*DATASET EXTRACT:*

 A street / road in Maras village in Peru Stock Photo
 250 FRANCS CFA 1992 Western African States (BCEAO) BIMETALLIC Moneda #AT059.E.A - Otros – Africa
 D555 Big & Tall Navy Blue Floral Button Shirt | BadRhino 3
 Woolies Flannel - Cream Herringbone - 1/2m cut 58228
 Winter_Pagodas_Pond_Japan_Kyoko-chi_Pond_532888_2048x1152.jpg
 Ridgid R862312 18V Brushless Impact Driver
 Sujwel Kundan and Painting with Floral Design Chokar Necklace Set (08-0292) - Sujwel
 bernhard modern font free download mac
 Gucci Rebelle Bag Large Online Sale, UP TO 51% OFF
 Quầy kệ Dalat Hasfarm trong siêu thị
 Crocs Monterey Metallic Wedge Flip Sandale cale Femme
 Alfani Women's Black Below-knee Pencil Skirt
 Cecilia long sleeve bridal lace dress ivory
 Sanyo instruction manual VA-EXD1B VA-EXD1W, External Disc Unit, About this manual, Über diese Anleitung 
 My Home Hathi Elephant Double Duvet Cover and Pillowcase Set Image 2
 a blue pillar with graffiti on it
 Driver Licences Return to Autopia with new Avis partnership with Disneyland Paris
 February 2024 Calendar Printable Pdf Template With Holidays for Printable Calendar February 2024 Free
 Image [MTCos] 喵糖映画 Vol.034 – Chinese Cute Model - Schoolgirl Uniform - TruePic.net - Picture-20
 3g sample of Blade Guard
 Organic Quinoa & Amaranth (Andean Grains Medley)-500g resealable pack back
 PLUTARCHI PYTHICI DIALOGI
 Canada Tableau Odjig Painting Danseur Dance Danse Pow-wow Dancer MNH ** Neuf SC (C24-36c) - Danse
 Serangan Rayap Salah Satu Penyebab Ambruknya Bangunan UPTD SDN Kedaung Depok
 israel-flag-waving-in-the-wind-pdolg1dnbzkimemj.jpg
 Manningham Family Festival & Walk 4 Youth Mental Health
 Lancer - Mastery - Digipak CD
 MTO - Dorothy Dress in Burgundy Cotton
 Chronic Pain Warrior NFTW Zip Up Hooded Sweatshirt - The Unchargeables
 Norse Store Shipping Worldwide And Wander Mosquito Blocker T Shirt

*EXERCISE:*
Your answer should be the full set of records, printed exactly.

*YOUR RESPONSE:*
 A street / road in Maras village in Peru Stock Photo
 250 FRANCS CFA 1992 Western African States (BCEAO) BIMETALLIC Moneda #AT059.E.A - Otros – Africa
 D555 Big & Tall Navy Blue Floral Button Shirt | BadRhino 3
 Woolies Flannel - Cream Herringbone - 1/2m cut 58228
 Winter_Pagodas_Pond_Japan_Kyoko-chi_Pond_532888_2048x1152.jpg
 Ridgid R862312 18V Brushless Impact Driver
 Sujwel Kundan and Painting with Floral Design Chokar Necklace Set (08-0292) - Sujwel
 bernhard modern font free download mac
 Gucci Rebelle Bag Large Online Sale, UP TO 51% OFF
 Quầy kệ Dalat Hasfarm trong siêu thị
 Crocs Monterey Metallic Wedge Flip Sandale cale Femme
 Alfani Women's Black Below-knee Pencil Skirt
 Cecilia long sleeve bridal lace dress ivory
 Sanyo instruction manual VA-EXD1B VA-EXD1W, External Disc Unit, About this manual, Über diese Anleitung 
 My Home Hathi Elephant Double Duvet Cover and Pillowcase Set Image 2
 a blue pillar with graffiti on it
 Driver Licences Return to Autopia with new Avis partnership with Disneyland Paris
 February 2024 Calendar Printable Pdf Template With Holidays for Printable Calendar February 2024 Free
 Image [MTCos] 喵糖映画 Vol.034 – Chinese Cute Model - Schoolgirl Uniform - TruePic.net - Picture-20
 3g sample of Blade Guard
 Organic Quinoa & Amaranth (Andean Grains Medley)-500g resealable pack back
 PLUTARCHI PYTHICI DIALOGI
 Canada Tableau Odjig Painting Danseur Dance Danse Pow-wow Dancer MNH ** Neuf SC (C24-36c) - Danse
 Serangan Rayap Salah Satu Penyebab Ambruknya Bangunan UPTD SDN Kedaung Depok
 israel-flag-waving-in-the-wind-pdolg1dnbzkimemj.jpg
 Manningham Family Festival & Walk 4 Youth Mental Health
 Lancer - Mastery - Digipak CD
 MTO - Dorothy Dress in Burgundy Cotton
 Chronic Pain Warrior NFTW Zip Up Hooded Sweatshirt - The Unchargeables
 Norse Store Shipping Worldwide And Wander Mosquito Blocker T Shirt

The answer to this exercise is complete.